> INFORMATION SHOWN
------

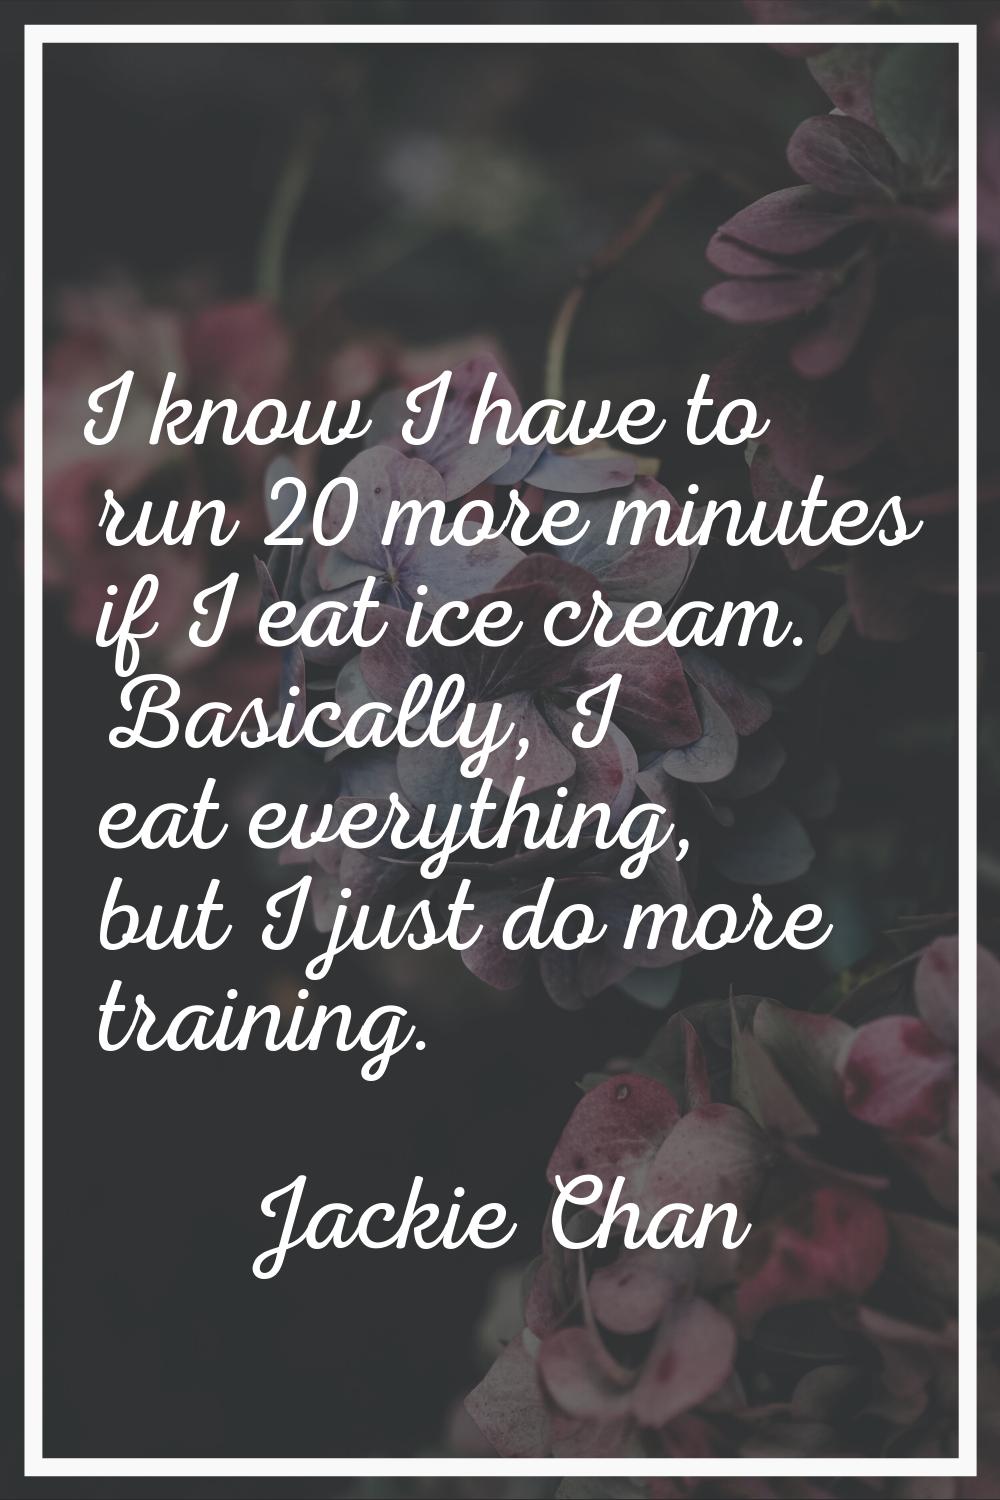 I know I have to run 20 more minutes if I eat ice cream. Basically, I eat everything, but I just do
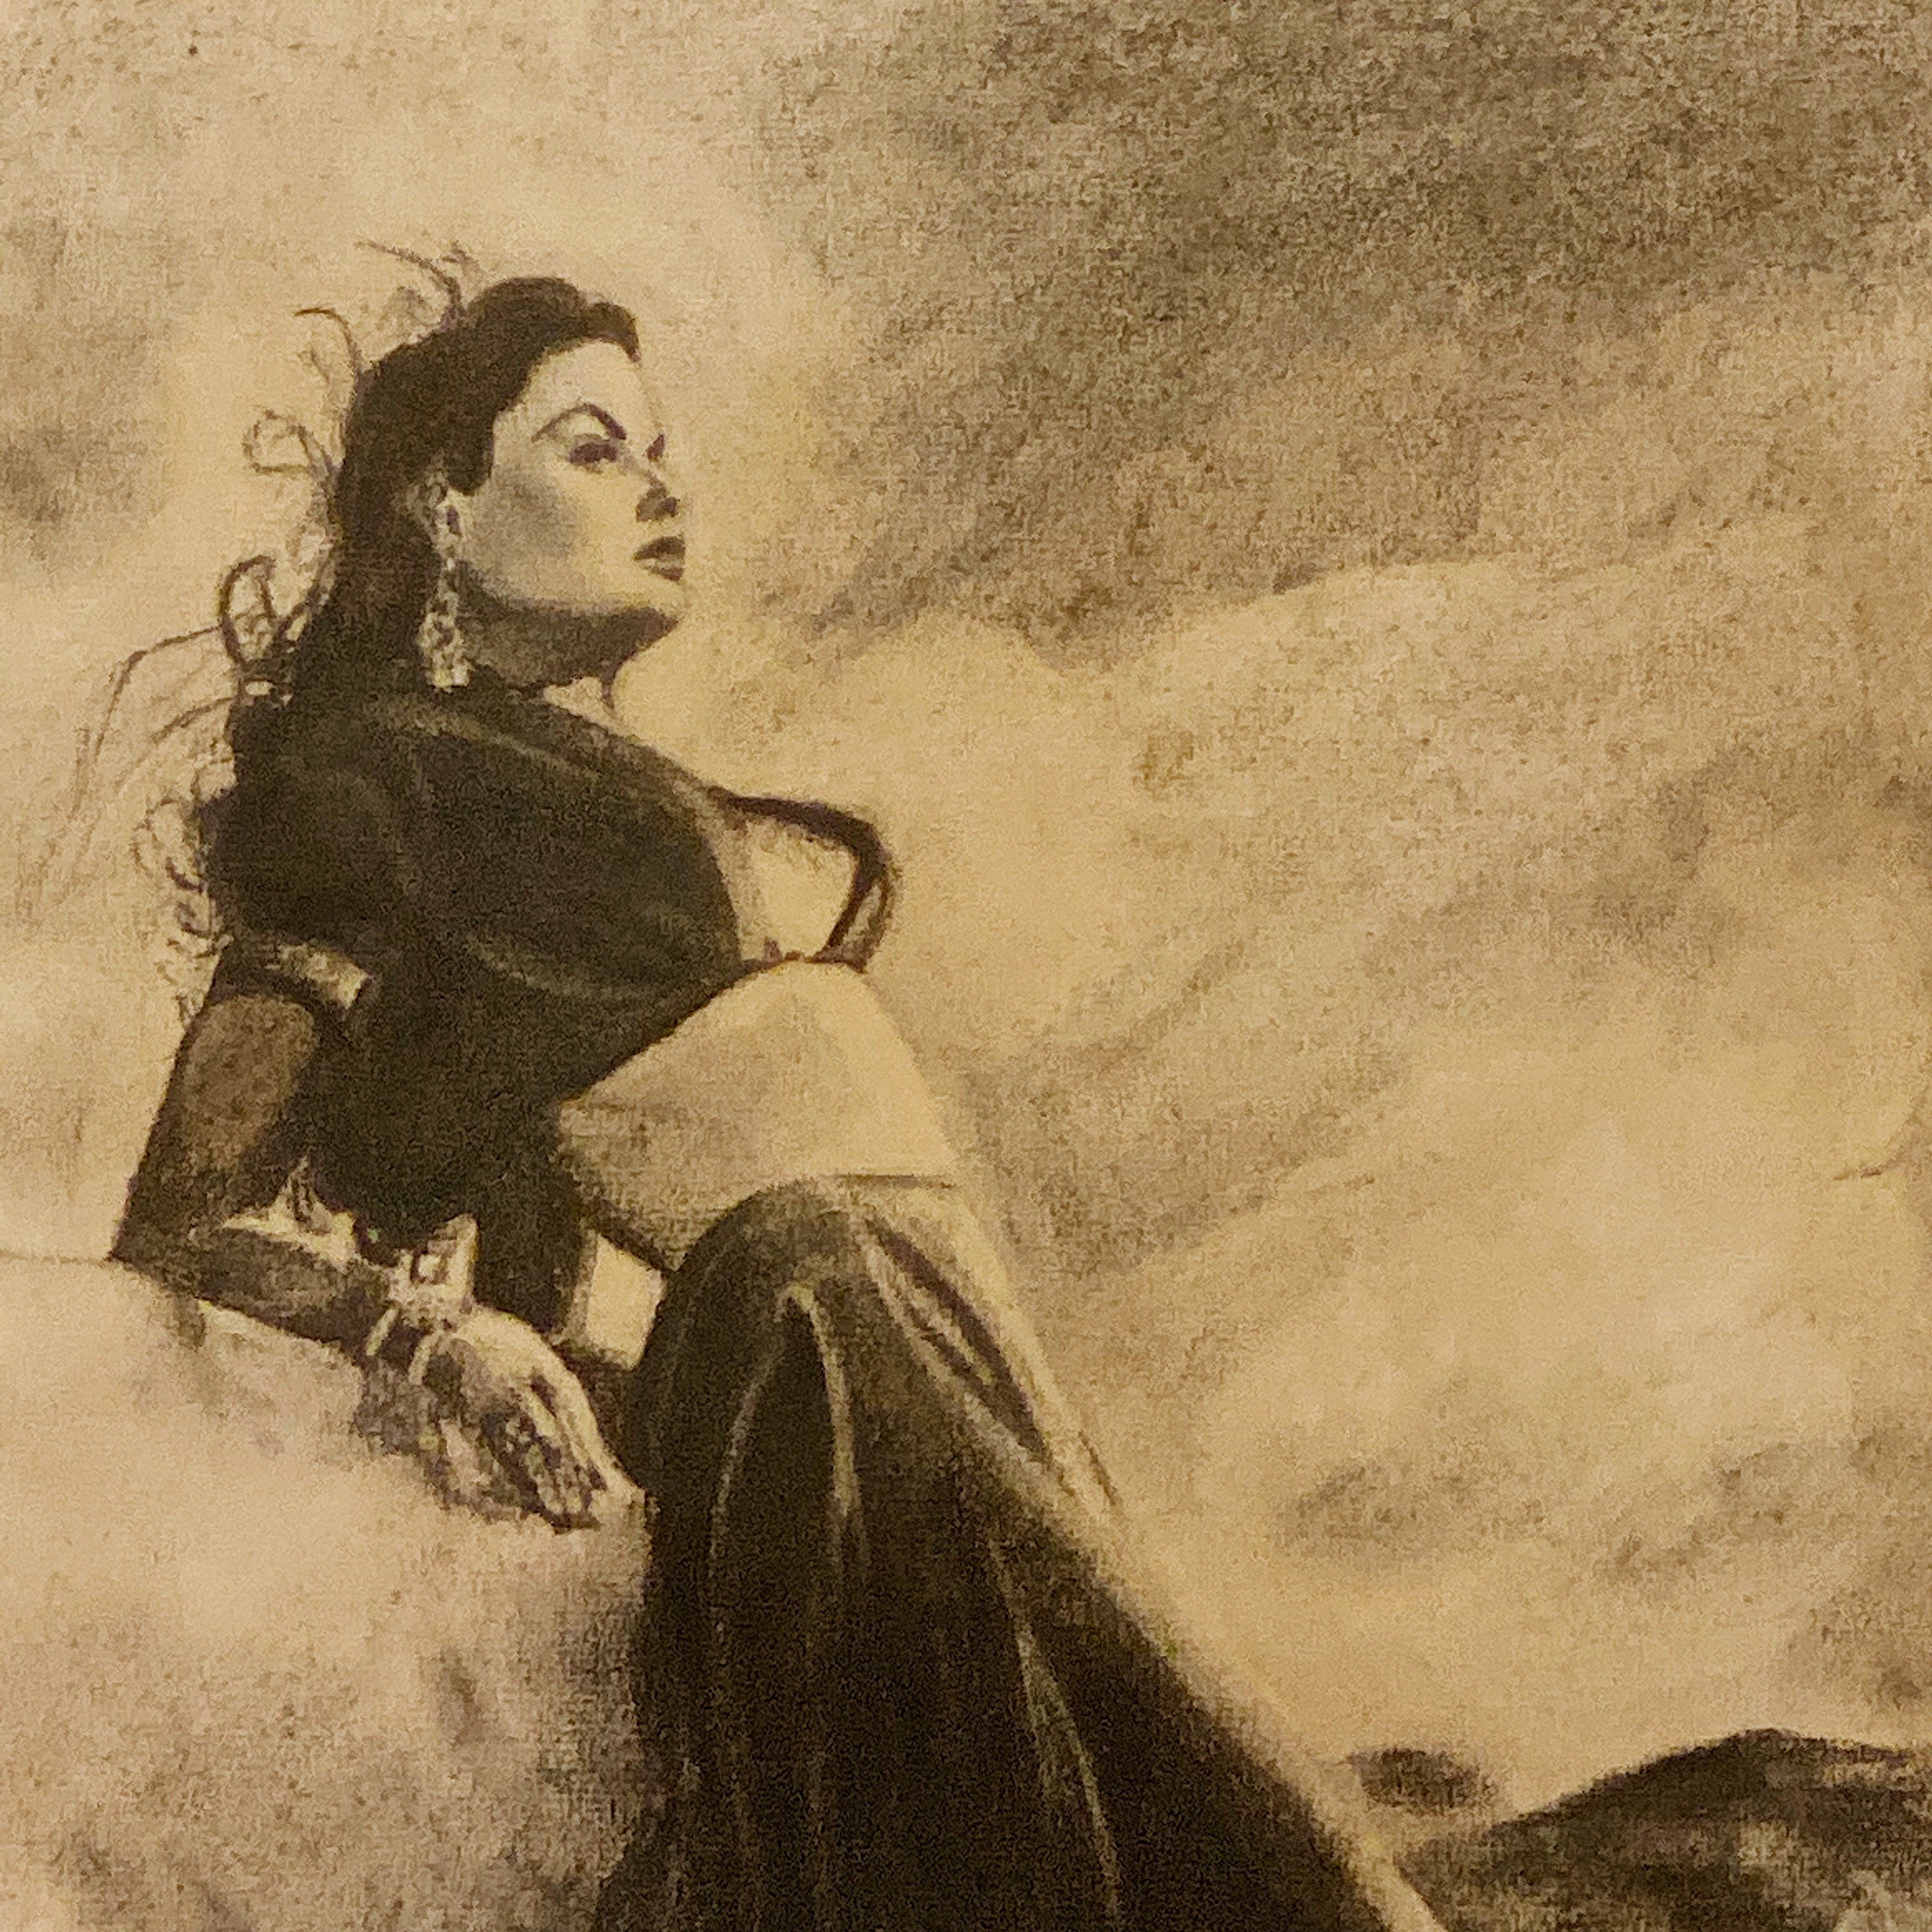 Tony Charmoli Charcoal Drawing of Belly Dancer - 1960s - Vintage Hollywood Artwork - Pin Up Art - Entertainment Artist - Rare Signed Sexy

------

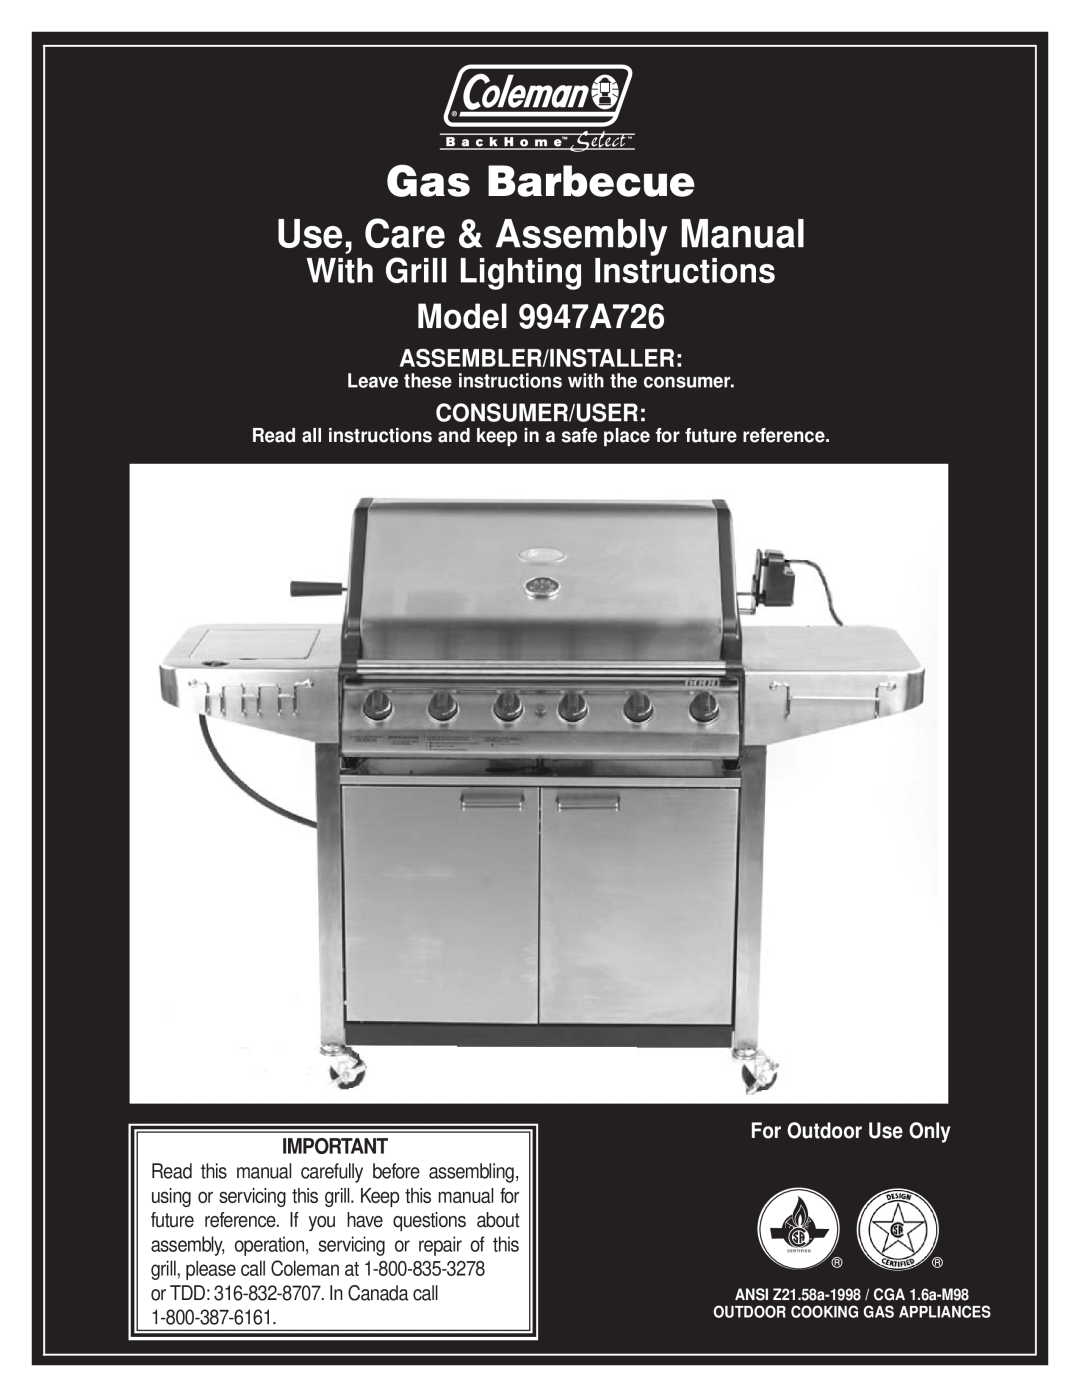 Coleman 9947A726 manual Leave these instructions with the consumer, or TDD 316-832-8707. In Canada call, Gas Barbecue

------

> WHAT IS BEING ASKED
Only one stretch of the entries above is needed: the lines from the one containing "I know I have" through the one containing "Tony Charmoli Charcoal". Copy it exactly, without the pictures.

> OUTPUT FOR THIS EXERCISE
 I know I have to run 20 more minutes if I eat ice cream. Basically, I eat everything, but I just do
 Tony Charmoli Charcoal Drawing of Belly Dancer - 1960s - Vintage Hollywood Artwork - Pin Up Art - Entertainment Artist - Rare Signed Sexy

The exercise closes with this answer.